Поднимаю Гаута, открываю ему рот и запрокидываю назад голову. Зажимаю его ноздри и лью молоко в горло.
Йомфру Кристин говорит:
– Когда Гаут покинул нас, чтобы найти в Тунсберге баглеров и броситься им в ноги, ты велел фру Гудвейг пасть на каменное крыльцо и молить Бога в ночи о моей безопасности. Теперь мне надо молиться о Гауте?
Я склоняю голову и размышляю. Понятно, что грешная фру Гудвейг вряд ли тронет Господа своими мольбами.
– Приведи йомфру Лив, – говорю я. Она приходит, и я обращаюсь к ней: – Ты, йомфру Кристин, ничком ляжешь на каменные ступени и будешь молить о жизни нашего доброго Гаута, ночью, на холодном ветру, легко одетая.
Лив покорно снимает плащ, я даю ей овчину, чтобы преклонить колени, и она уходит в ночь бормотать свои бесчисленные молитвы.
Гаут открывает глаза.
Я понимаю, что он хочет говорить со мной, и склоняюсь над ним.
Гаут говорит:
– Я хочу простить всех, причинивших мне зло.
– Да! Да! – отзываюсь я, не в силах совладать с собственным голосом. – Прости меня, Гаут, за то, что я содеял!
– Не ты первый, – говорит он. – Яви мне милость, позови сюда Сигурда.

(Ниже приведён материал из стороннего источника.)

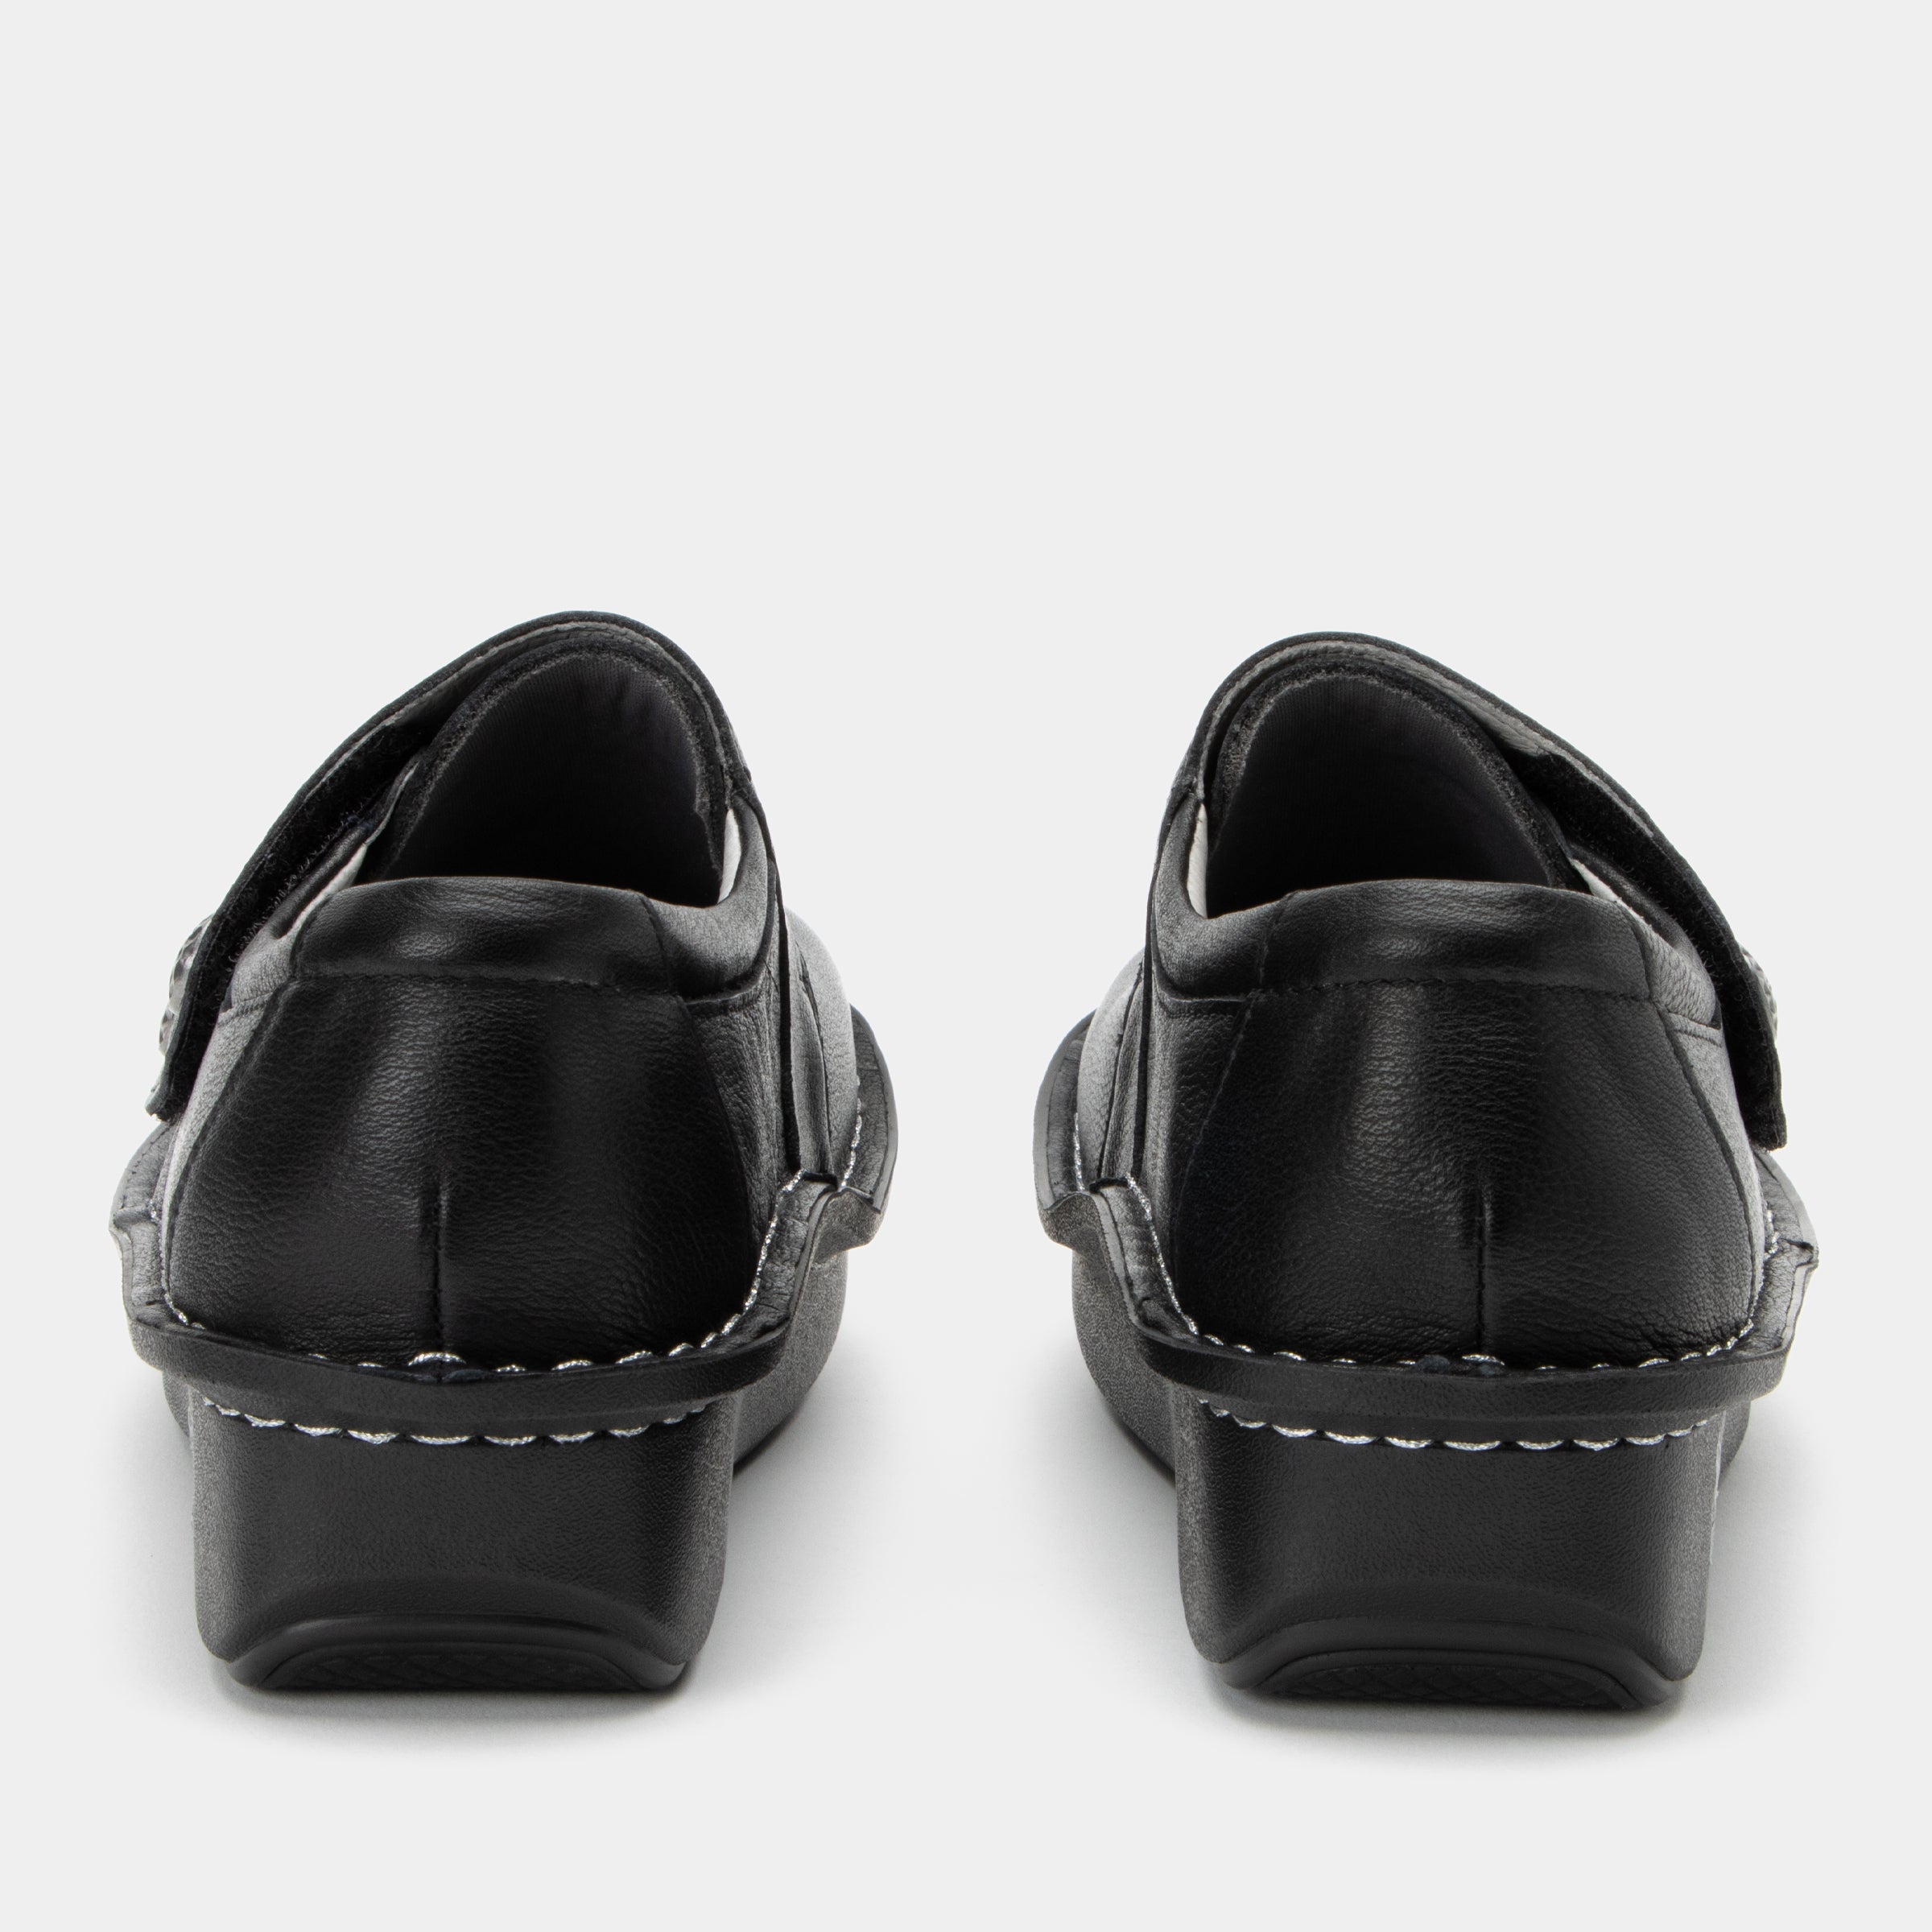 Deliah Upgrade Black Shoe - Alegria Shoes

Я сразу усматриваю непозволительное в этой просьбе. У нас так мало людей в дозоре: двое на берегу и двое в лесу с западной стороны. Поэтому я прошу Гаута повременить. Быть может, втайне я питал недостойную надежду, что он испустит дух до наступления дня? Я говорю, что Сигурда нельзя снять с поста среди ночи, его приведут с рассветом, Гаут! Тогда ты и даруешь ему свое прощение.
– Сейчас, – отвечает он.
И столько мощи в его голосе – хотя он слаб, – такая неукротимая сила в его горячечном взгляде, что мне остается только кликнуть Малыша. Тот подходит, я едва сдерживаюсь, чтобы не ударить его, заметив искру презрения в маленьких лукавых глазках: понимает ли он, в какой мучительный переплет я попал?
– Приведи Сигурда! – приказываю я. Даю Малышу оплеуху и отпускаю.
Да, приведи Сигурда. А пока я сижу возле Гаута с тихой надеждой, что он умрет, не успев встретиться со своим палачом. На ум приходит воспоминание о другой встрече с Гаутом – в те времена, когда конунг Сверрир и я были молоды. Мы солгали ему, как делали часто, – Гаут повернул наши лица к огню и произнес: «Пусть свет падает прямо в ваши глаза! Я заставлю вас говорить правду!» Хотя это было ему не по силам. Это значило требовать невозможного – в покоях конунга.